I think it's gross that companies give out gifts like this (not necessarily that writers, who make very little money, accept them; I'd totally allow Ubisoft to give me a tablet which I then tossed onto eBay). However, I'm curious as to what people think the broad implications of these gifts are? Do you think a gift of a tablet will affect the coverage going forward from reputable Euro outlets like EDGE, Eurogamer and The Guardian? Are you concerned that it'll have an impact on what the fan sites do? Do you read these fan sites? If not, are you concerned about an inflated Metacritic score? Not dismissing any of these concerns, I'm just genuinely curious.
I think these things are heightened by score culture and the fact that a lot of people don't read, an thus don't give a shit about bylines. I've been to film events where very intelligent, articulate and reputable writers made off with gift baggies that had very expensive items in them. Do I think it impacted the tone of their coverage? Absolutely not, and in fact I've seen tens of thousands of written word(s) that prove otherwise. Do I think these gifts impacted the tone of coverage coming from rags like Ain't It Cool News? Oh yeah, absolutely.

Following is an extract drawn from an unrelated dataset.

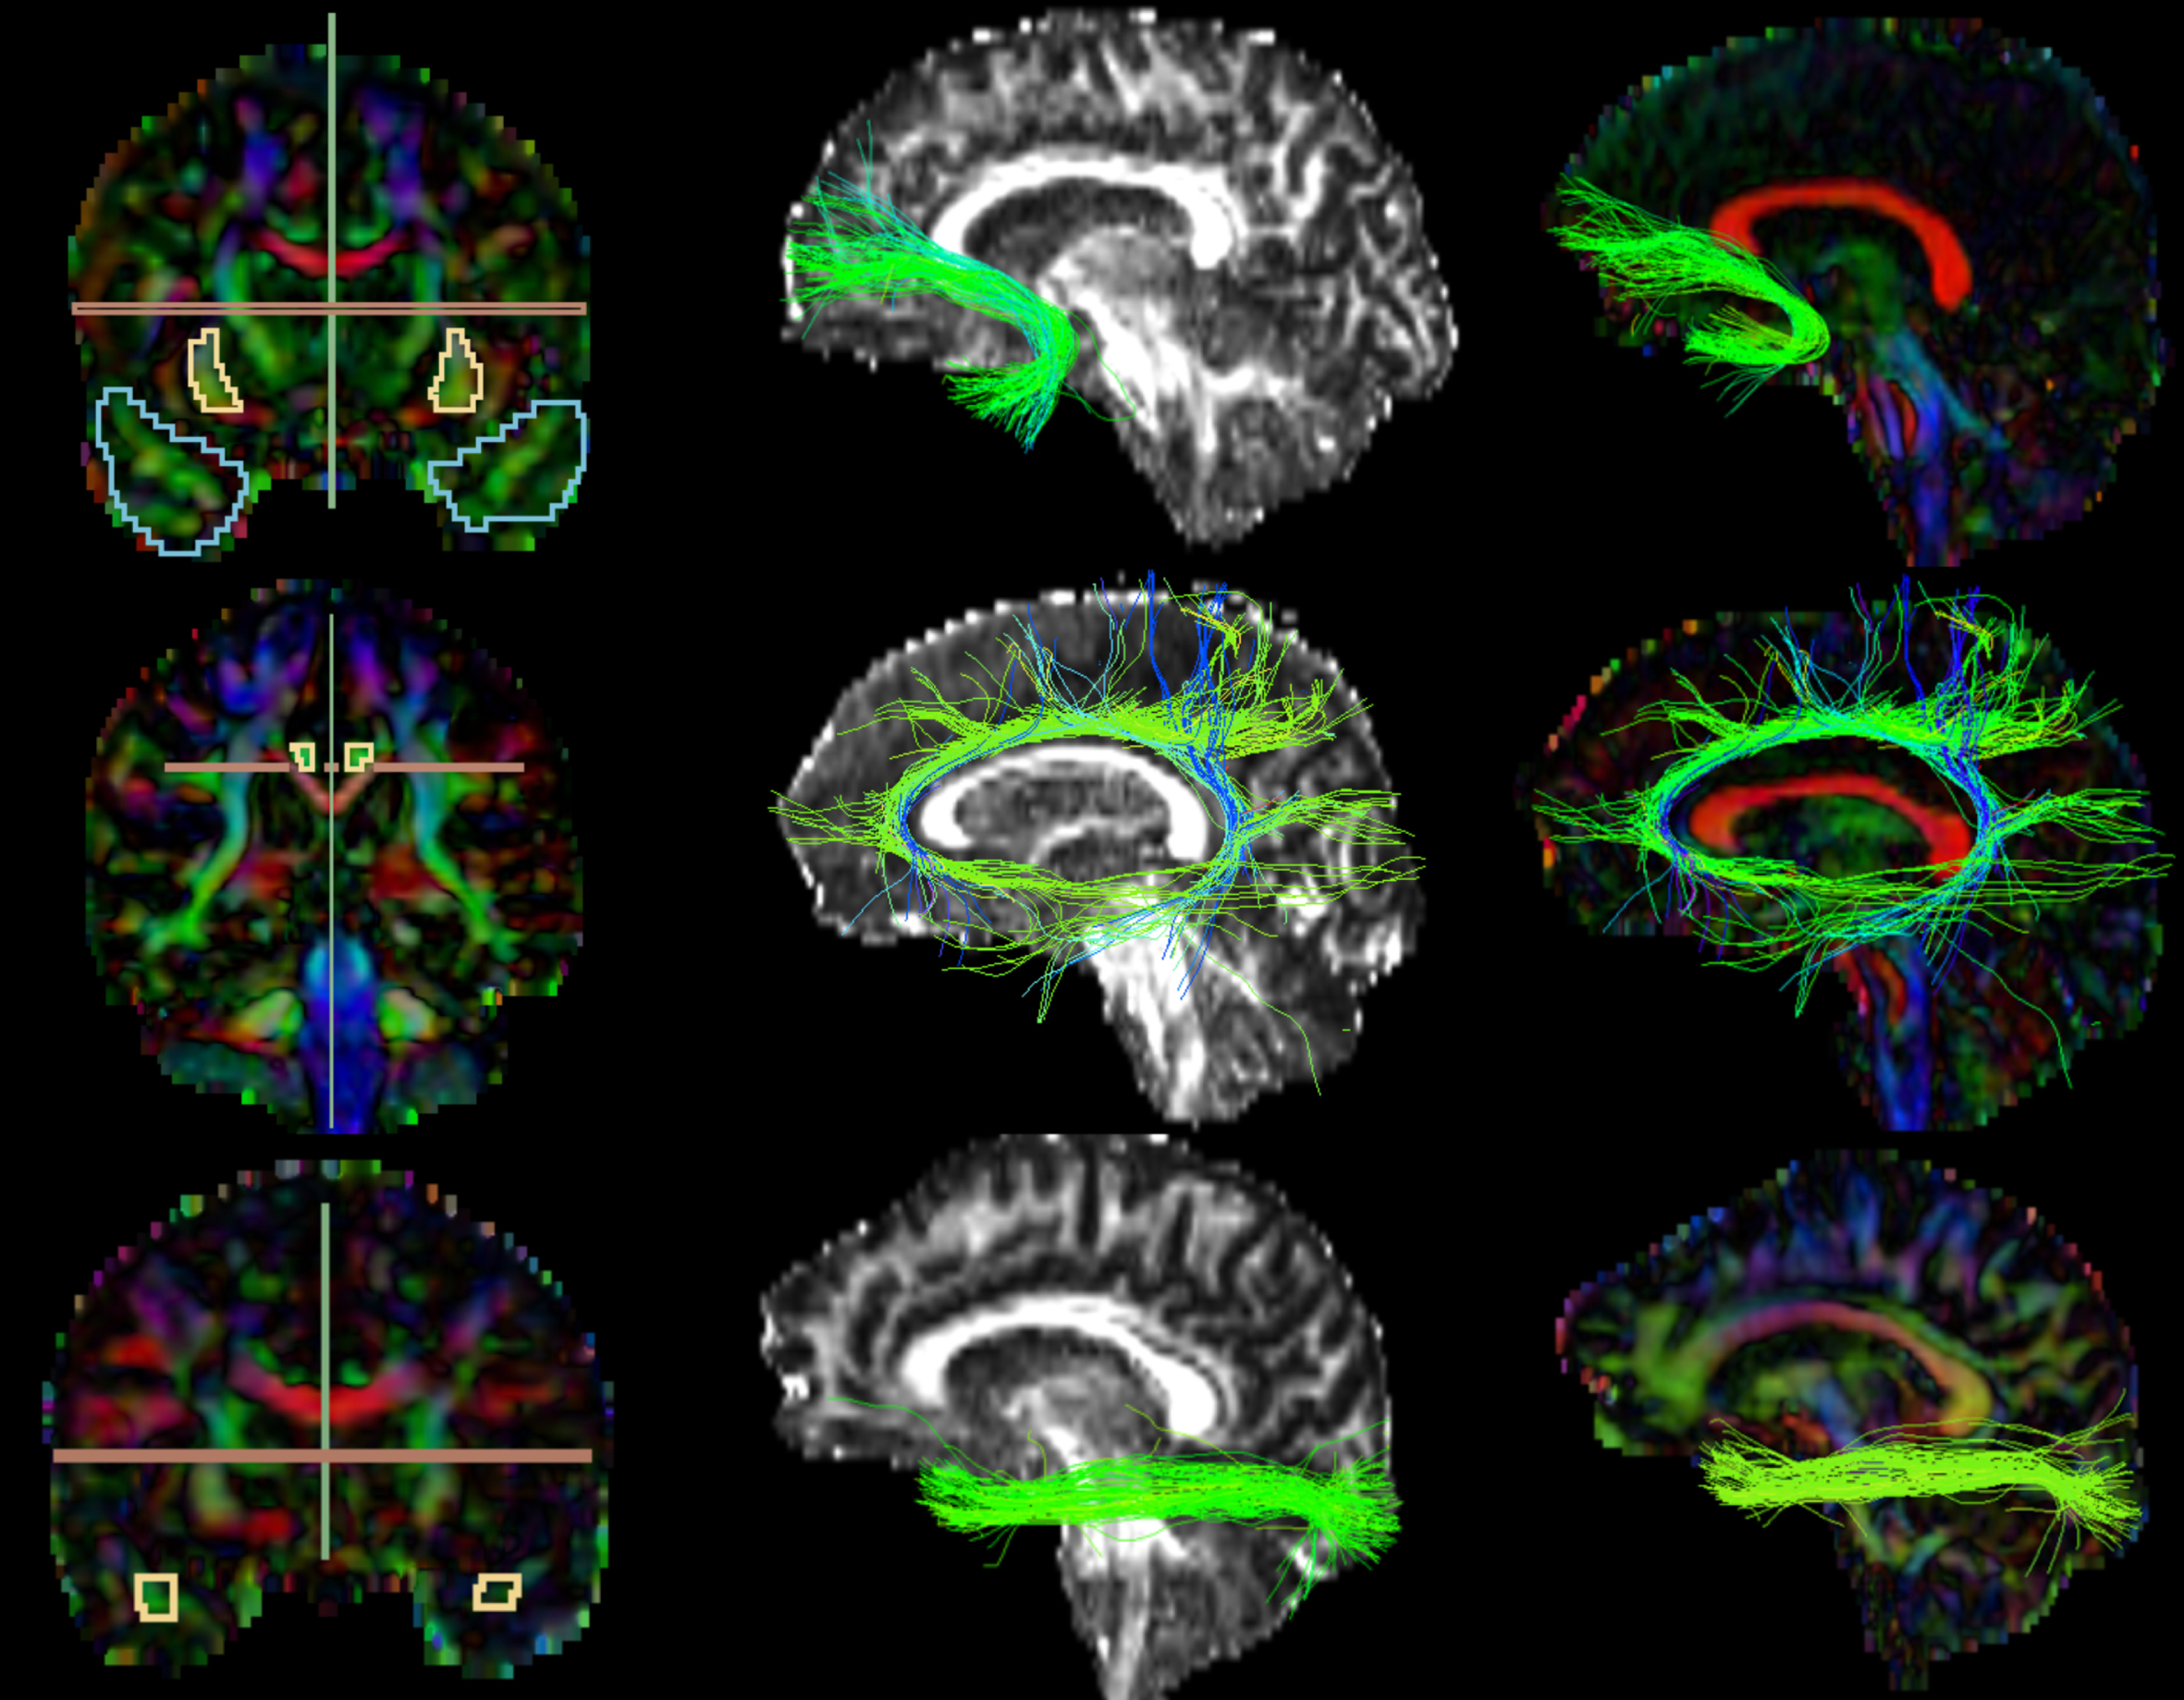 Extracted Tracts. The first images on the left column partially represent the manual drawings of the inclusion and exclusion areas; 1st row) Uncinate Fasciculus: blue (temporal area) and yellow (external capsule) inclusion, green and red exclusion; 2nd row) Cingulate: yellow inclusion, red and green exclusion; 3rd row) Inferior Longitudinal Fasciculus: yellow inclusion (temporal area; occipital not shown in the picture), green and red exclusion. The images on the second and third columns represent the extracted tracts shown over the FA and color-by-orientation maps, respectively.

The thing is, cinephiles know the difference, and reward good writing. I don't think that really happens yet in games outside of academia. Especially on forums like this, people lump most if not all of games writing together under the banner "games journalism." Very little of it is even journalism. So I think so much of the problem is reader-facing. Gifts will persist. Forever. And it's cool to be uncomfortable with them, but not necessarily outraged. Because you should search out writers you respect and trust instead of piling them all into the furnace. Give them clicks and share those pieces and it'll marginalize the shitheads and in turn marginalize the imagined importance of freebies.